Purpose

In this notebook session, I’ll be exploring different methods of recoding variables in the R language. I intend to explore solutions in base R, dplyr, and plyr packages.

Recoding with dplyr

One of the most used packages for data transformations in R is dplyr from the tidyverse. We can load in dplyr and the magrittr (for the %>% operator) packages individually, or we can chose to load the tidyverse packages to load them both in with other packages.

#Load in tidyverse.
library(tidyverse)

Example Data-1

To practice recoding with dplyr, let’s create a dataframe to practice on and call it example_data_1. We’ll make it a tibble since we’re using dplyr.

#Setting a seed for reproducibility.
set.seed(99)

#Creating the example data frame.
example_data_1 <- tibble("ID" = c(1:10),
                         "Gender" = sample(0:3, 10, replace = TRUE),
                         "Levels" = sample(c("Low","Moderate","High"), 10, replace = TRUE),
                         "Medication Type" = sample(1:5, 10, replace = TRUE))

Which gives us…

ID	Gender	Levels	Medication Type
1	3	Moderate	1
2	0	Low	2
3	3	High	5
4	1	Low	2
5	1	Moderate	5
6	0	Moderate	4
7	2	Moderate	2
8	1	Low	1
9	1	Moderate	4
10	1	Moderate	4

case_when() function

The dyplr package has a case_when function that is a “go-to” for most situations you’ll encounter!
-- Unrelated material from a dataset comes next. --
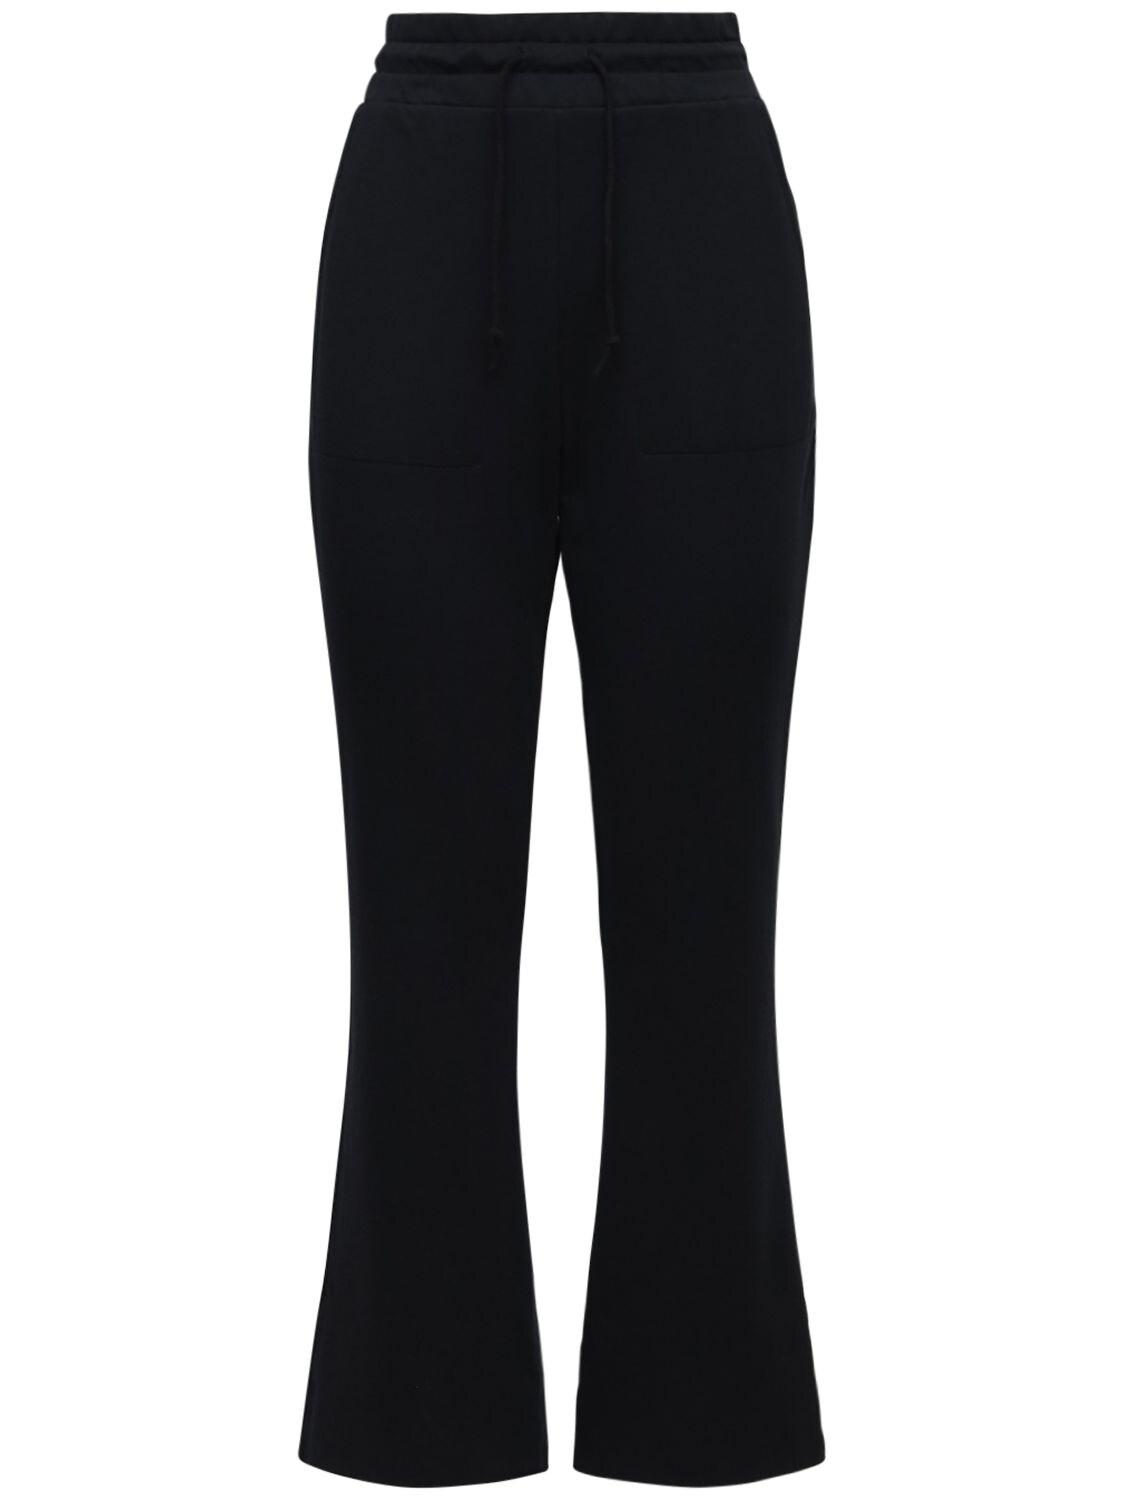 Nike Dri-fit Flared Yoga Full Length Pants in Black | Lyst

Let’s use it to recode our Medication Type variable with the following codes:

Medication Category	Code
Antidepressants	1
Anxiolytics	2
Stimulants	3
Antipsychotics	4
Mood Stabilizers	5

We can apply the function by directly mutating the variable in the data set with tidy code that utilizes magrittr’s pipe operator. You can read more about the tidyverse style of coding like this here.
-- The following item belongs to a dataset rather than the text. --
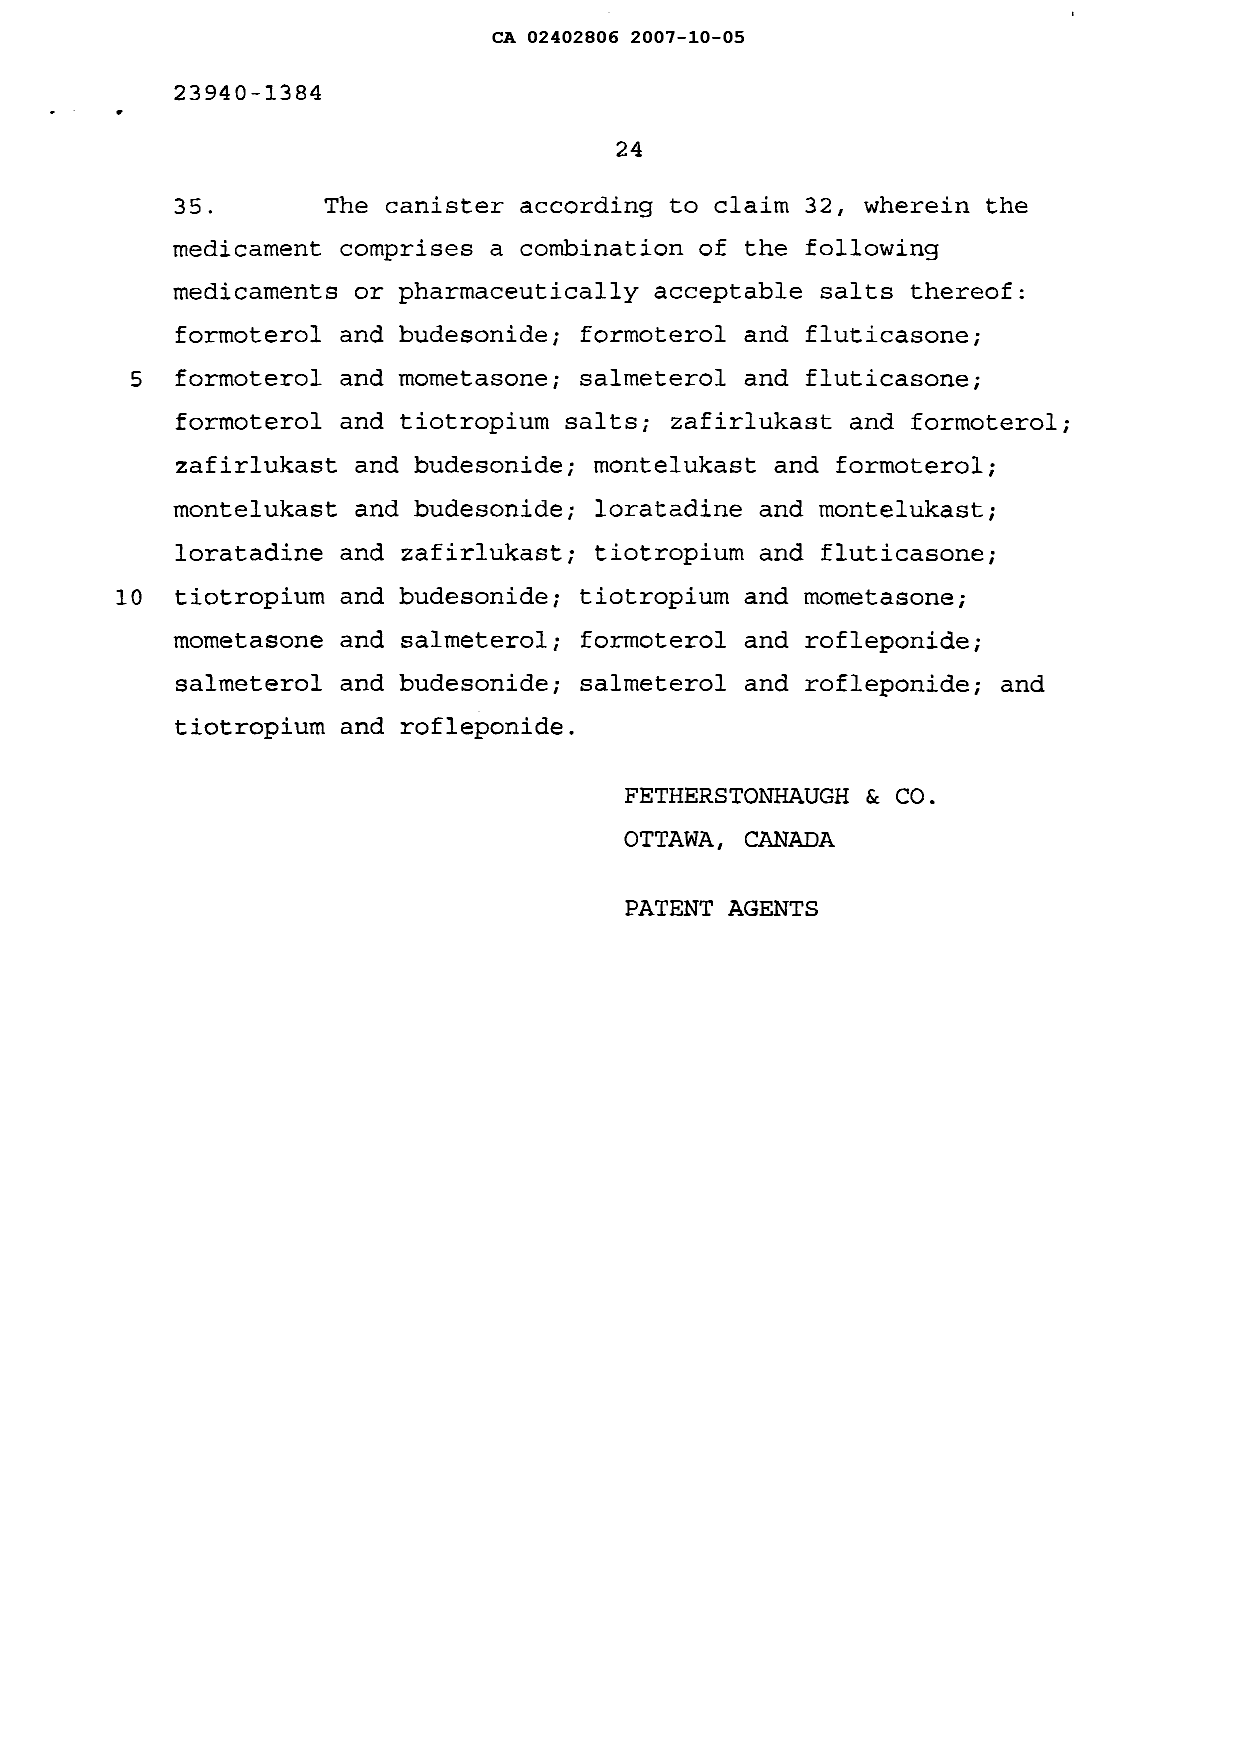 Canadian Patent Document 2402806. Prosecution-Amendment 20071005. Image 11 of 11

#Using tidyverse-styled code to mutate the "Medication Type" variable to recode the numbers into strings.
example_data_1 <- example_data_1 %>%
  mutate(`Medication Type` = case_when(`Medication Type` == 1 ~ "Antidepressants",
                                       `Medication Type` == 2 ~ "Anxiolytics",
                                       `Medication Type` == 3 ~ "Stimulants",
                                       `Medication Type` == 4 ~ "Antipsychotics",
                                       `Medication Type` == 5 ~ "Mood Stabilizers"))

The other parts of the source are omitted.